On Sunday, 22 February 2015 at 02:32:38 UTC, Adam D. Ruppe wrote:
On Sunday, 22 February 2015 at 02:15:29 UTC, Almighty Bob wrote:
what bothers me is any automatic conversion from float to int. It should never be automatic.

Should 5.5 + 5 compile? I suppose it arguably shouldn't but that'd probably be pretty annoying and no information is lost - it can convert 5 (the int) to 5.0 (the float) and add it without dropping a part of the number.

Float arithmetic is already lossy, almost every float operation truncates and rounds, sticking an int in the mix does not change that.

Int arithmetic is precise, putting a float in and automatically rounding it changes a precise equation to a lossy one.

The point is if you have a float LHS then you are accepting lossy arithmetic as float is inherently lossy. If you have an int LHS you should be able to expect precise arithmetic.

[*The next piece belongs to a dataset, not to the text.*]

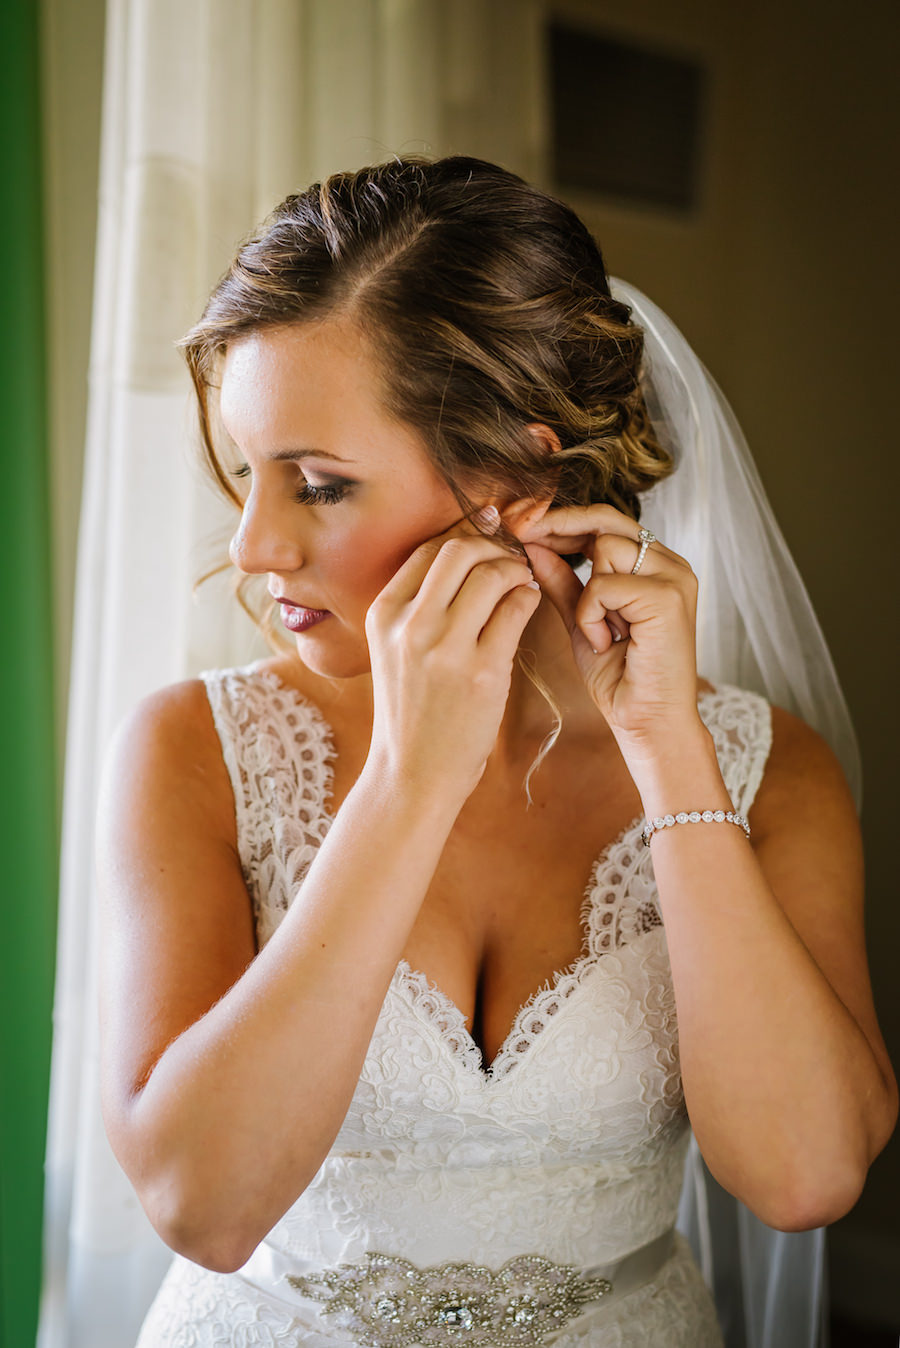 Bride Getting Ready on Wedding Day | Crystal, Rhinestone Diamond Delicate Bridal Jewelry | St. Petersburg Wedding Planner Kimberly Hensley Events

Most of what I do is DSP / data analysis. No only do I never want automatic float to int conversions, the majority of the time I actually want specific rounding when I do convert from float to int.

IMO automatic float to int conversion is a terrible idea. It's worse than initialized floats because you can get results that look most OK, and it's a bugger to track down. And it's worse when the compiler has lulled you into a false sense of security by giving errors about not being able to convert floats to ints in most other cases.